论文标题
通过连续分布批评家的截短混合物控制高估偏置
Controlling Overestimation Bias with Truncated Mixture of Continuous Distributional Quantile Critics
论文作者
论文摘要
高估偏差是准确的非政策学习的主要障碍之一。本文研究了一种减轻连续控制环境中高估偏见的新颖方法。我们的方法---截断的分位数评论家,TQC, - - 融合了三个想法:评论家的分布表示,批评家预测的截断以及多个批评家的结合。分布表示和截断允许任意颗粒状高估控制,而结合则提供了进一步的分数改进。从连续的控制基准套件中,TQC在所有环境中的当前状态都优于当前的艺术状态,这表明对最具挑战性的人形生物环境有25%的改善。
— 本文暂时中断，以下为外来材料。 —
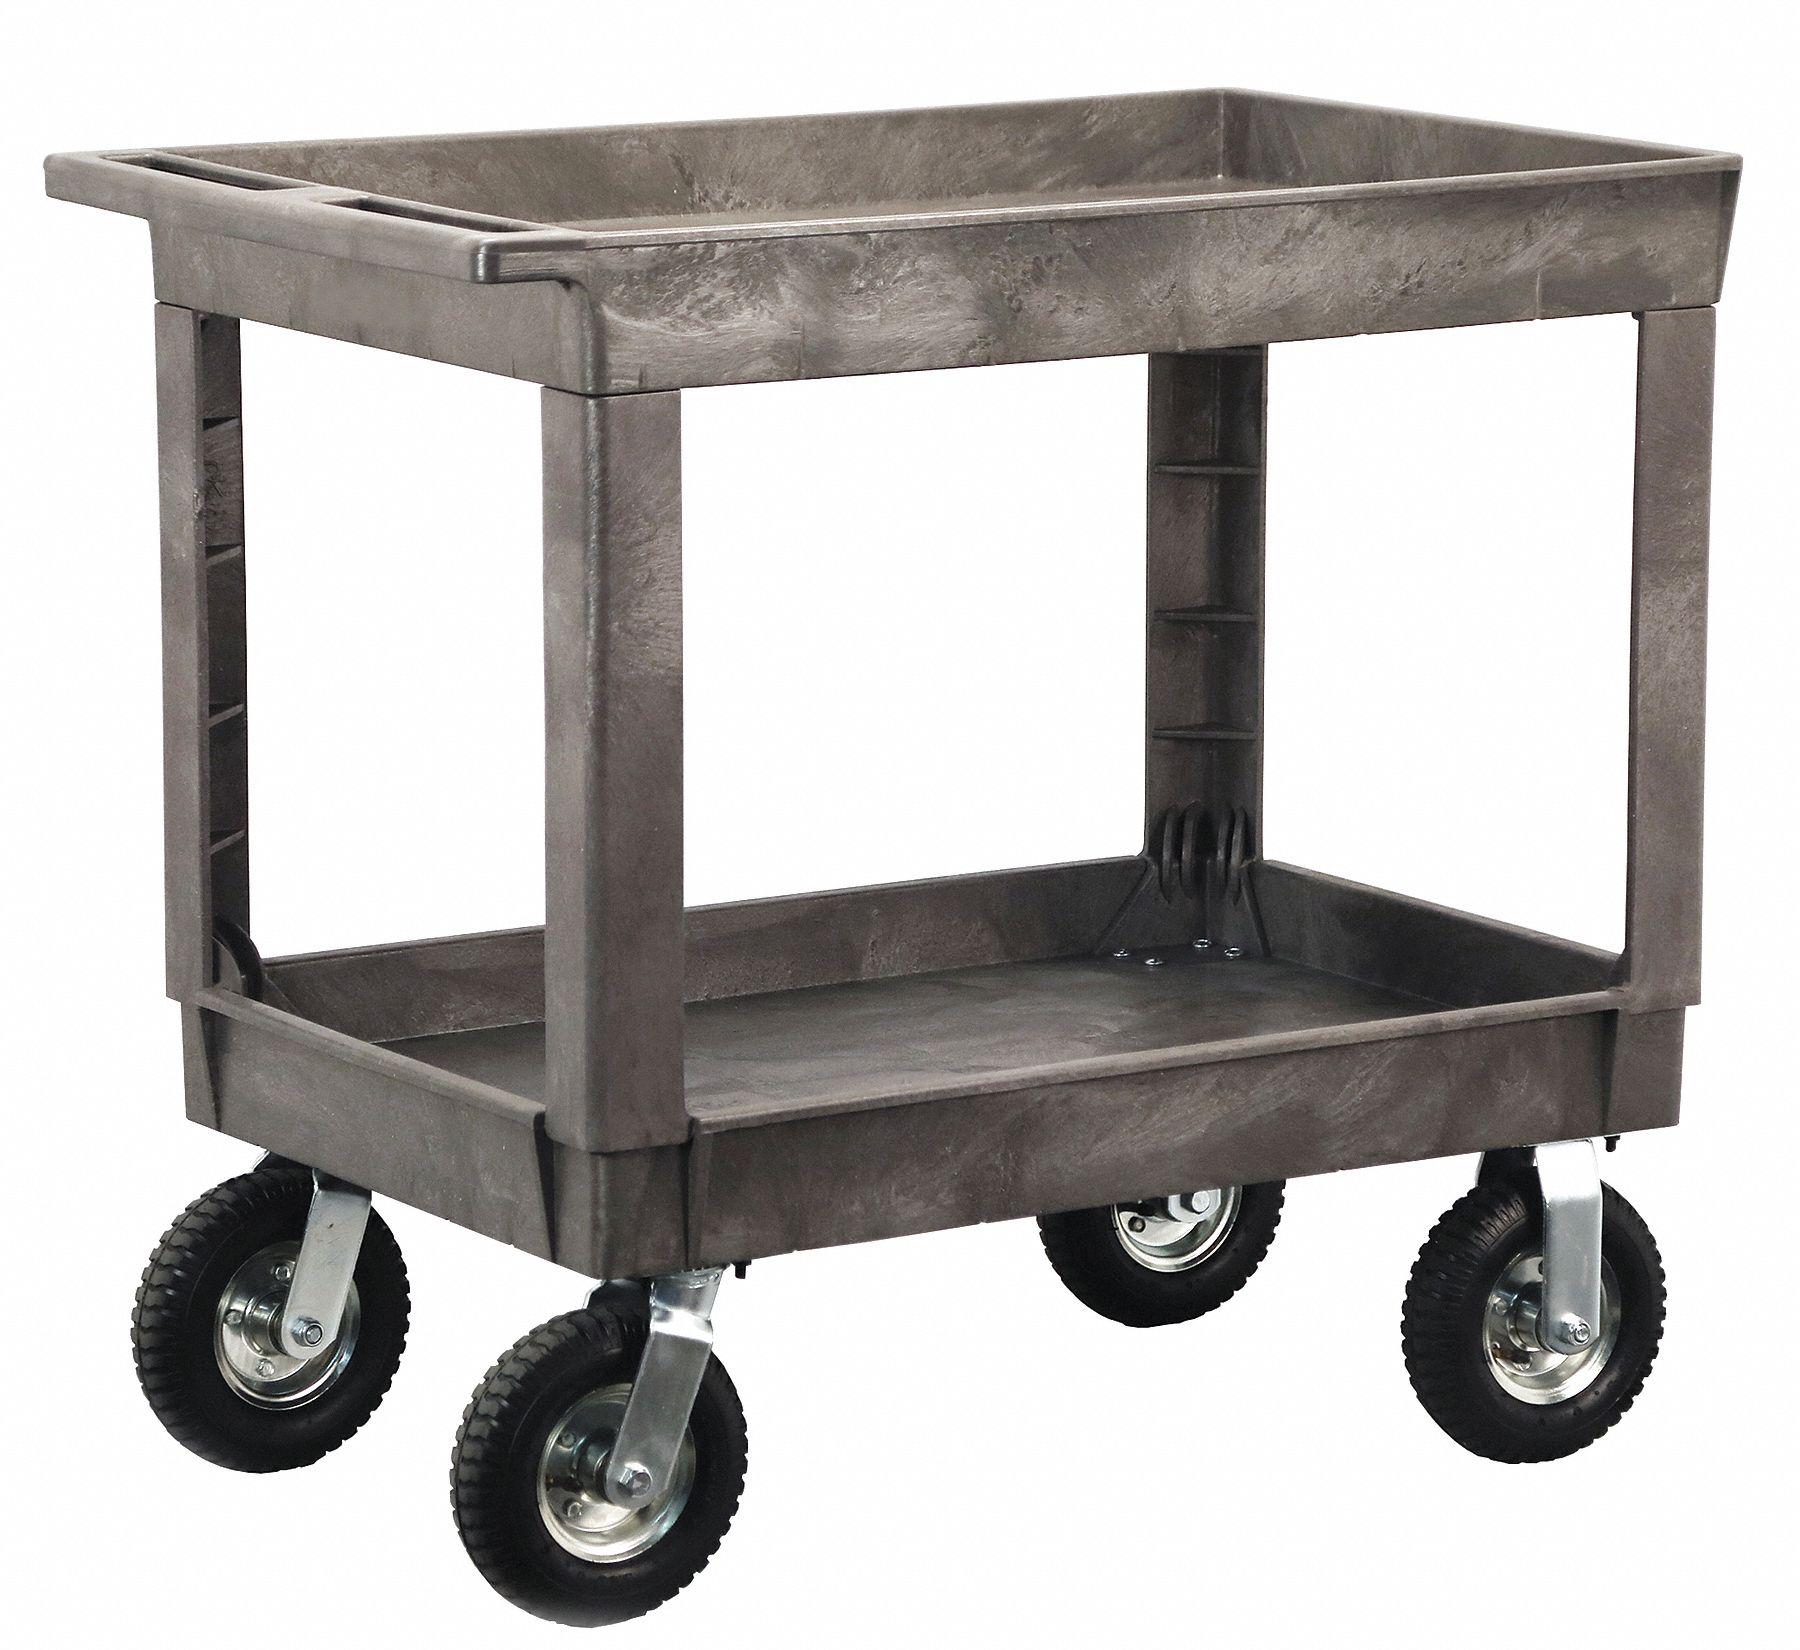 Grainger Approved Utility Cart With Deep Lipped Plastic Shelves 500 Lb Load Capacity Number Of Shelves 2 401r92 2523wwg Grainger

The overestimation bias is one of the major impediments to accurate off-policy learning. This paper investigates a novel way to alleviate the overestimation bias in a continuous control setting. Our method---Truncated Quantile Critics, TQC,---blends three ideas: distributional representation of a critic, truncation of critics prediction, and ensembling of multiple critics. Distributional representation and truncation allow for arbitrary granular overestimation control, while ensembling provides additional score improvements. TQC outperforms the current state of the art on all environments from the continuous control benchmark suite, demonstrating 25% improvement on the most challenging Humanoid environment.